◆ Supplied information
==============================

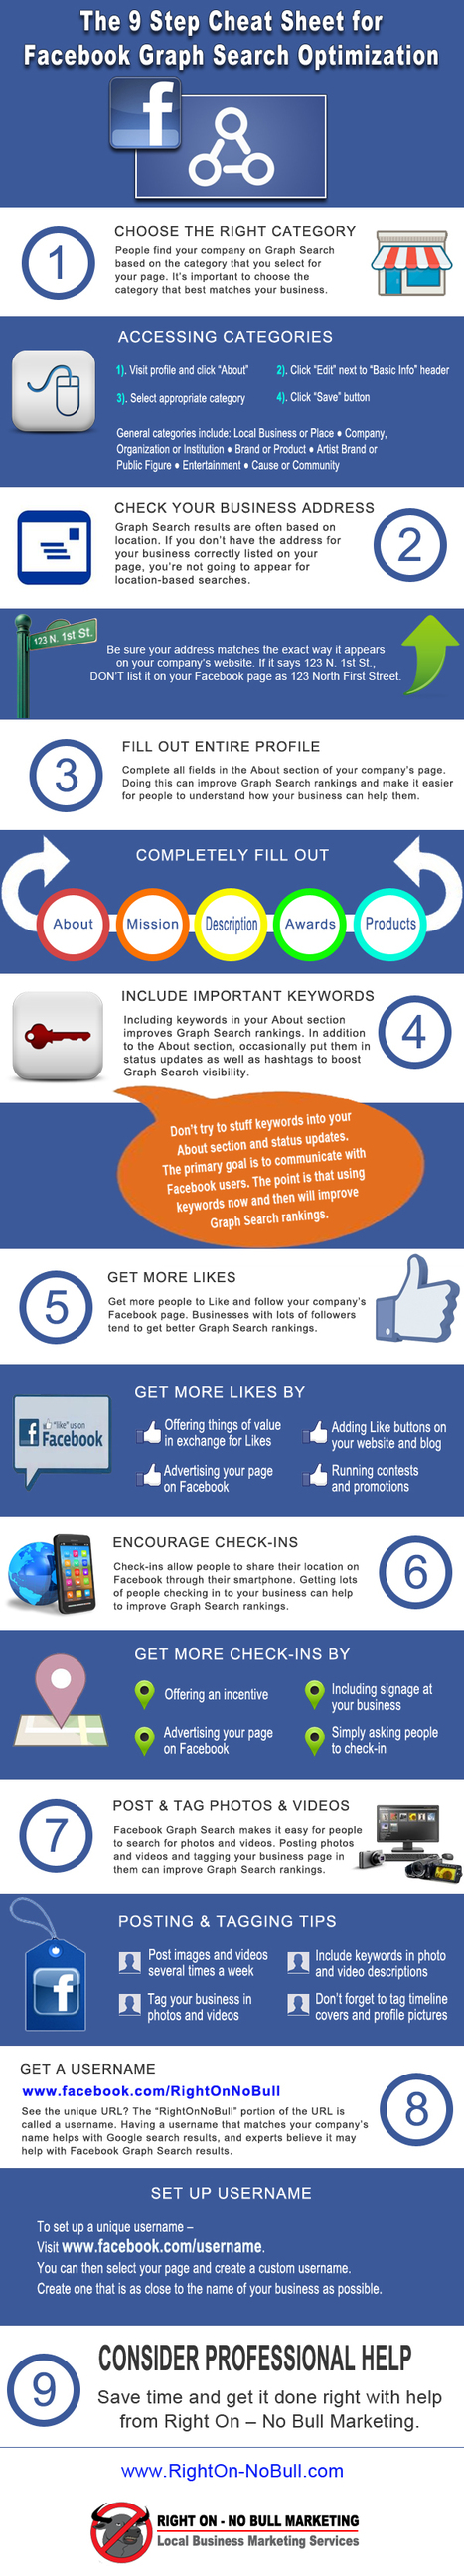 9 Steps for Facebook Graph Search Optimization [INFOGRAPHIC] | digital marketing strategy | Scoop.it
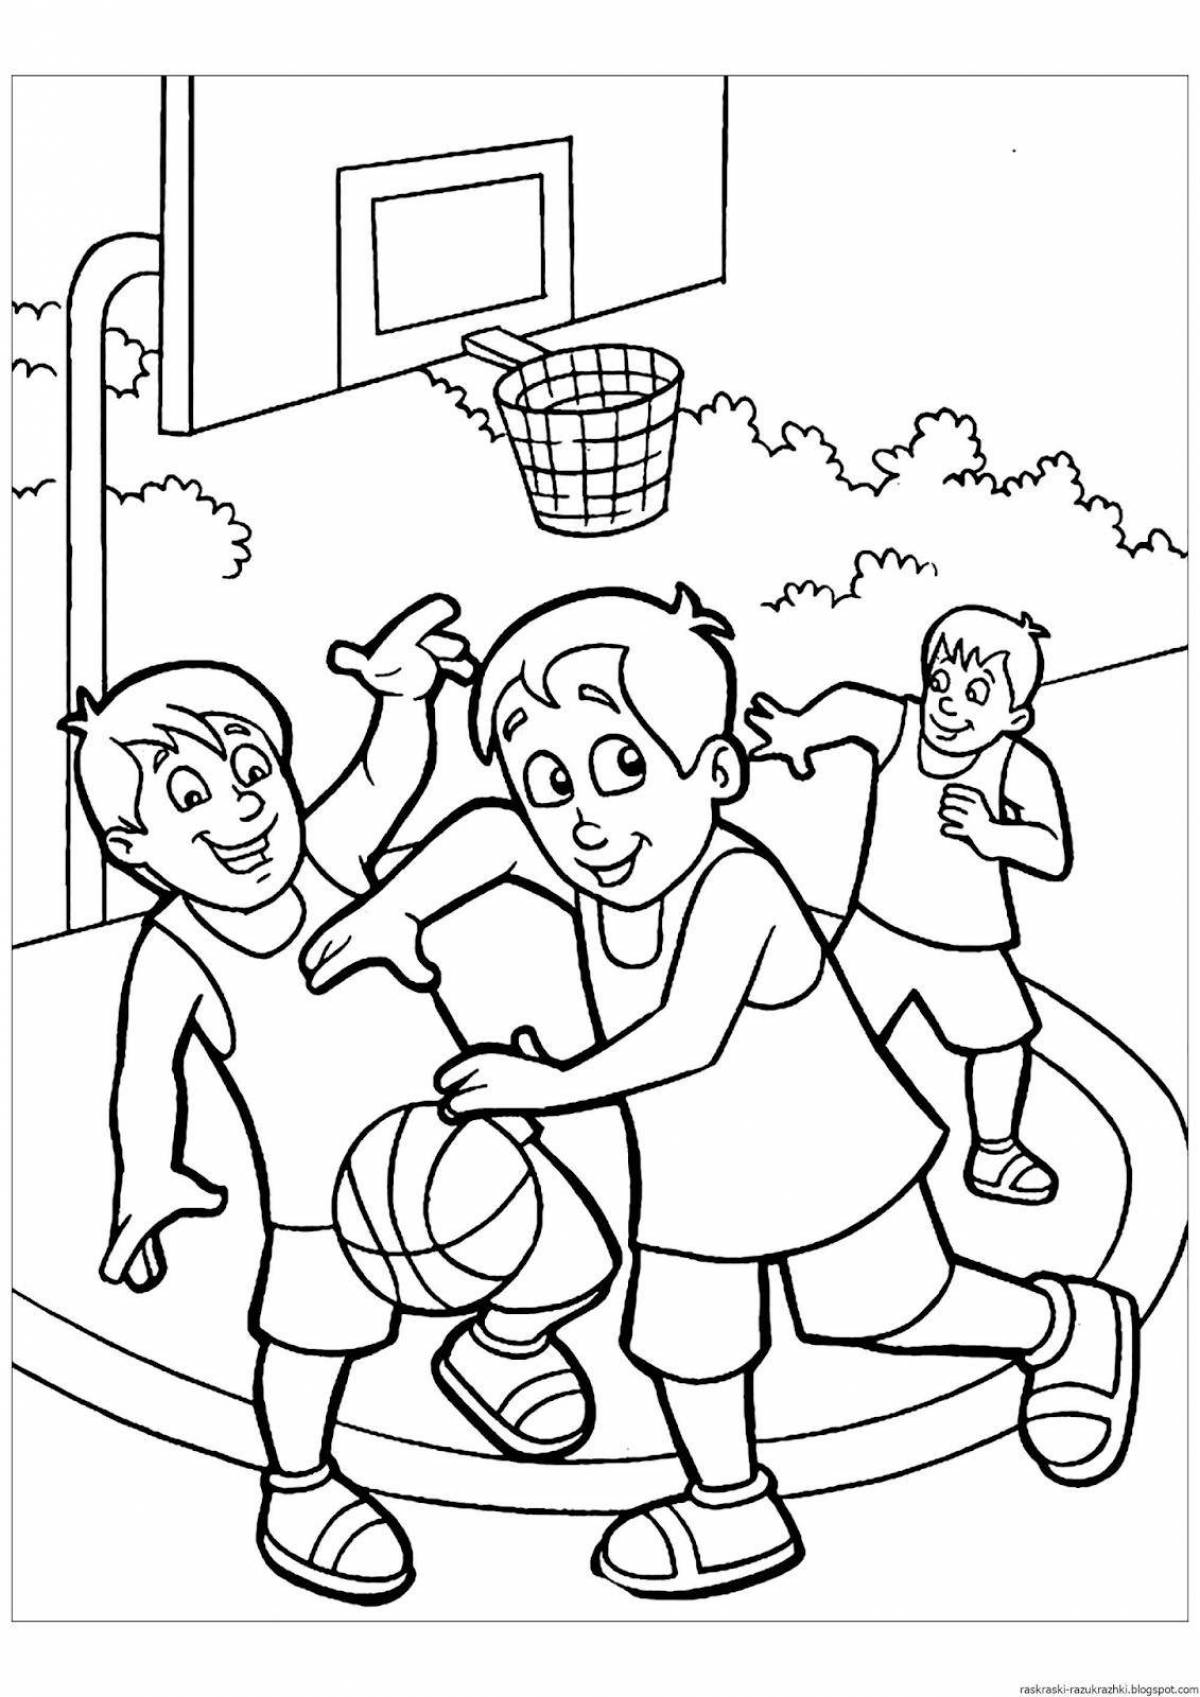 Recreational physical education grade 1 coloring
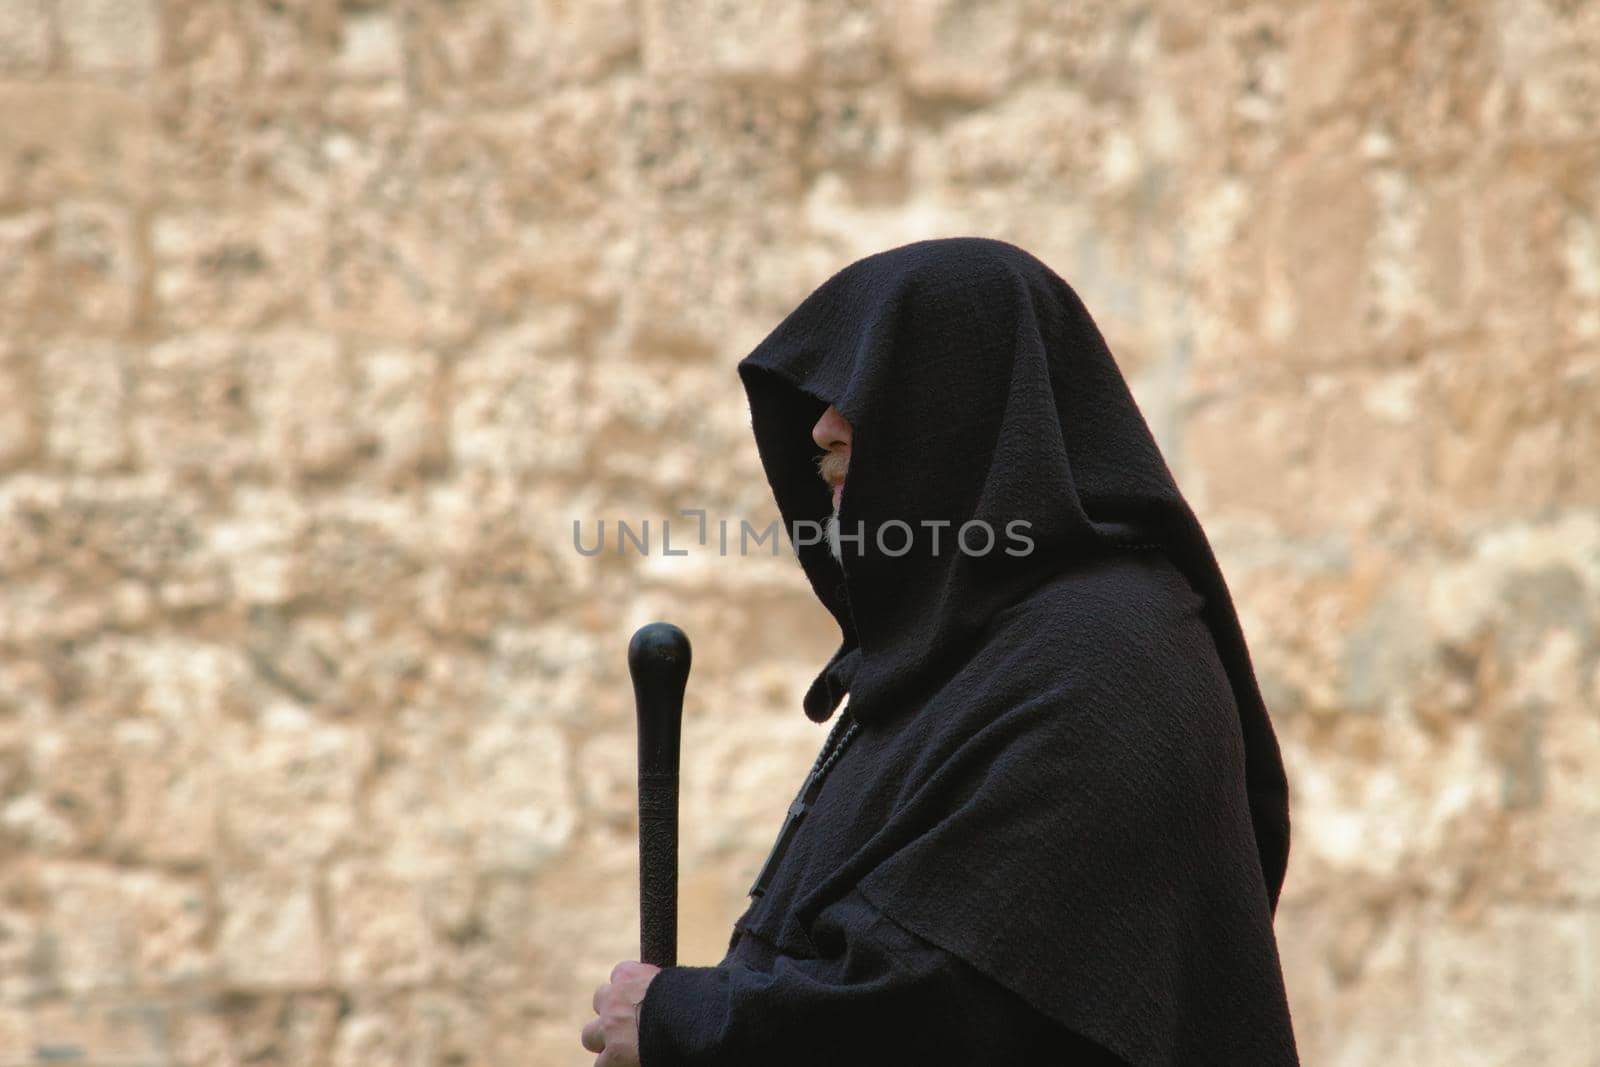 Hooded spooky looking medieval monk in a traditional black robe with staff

==============================

◆ What is expected
The lines to repeat run from the line containing "Recreational physical education" through the end of the listing above, both included; give them exactly and without pictures.

◆ Solution for this exercise
 Recreational physical education grade 1 coloring
 Hooded spooky looking medieval monk in a traditional black robe with staff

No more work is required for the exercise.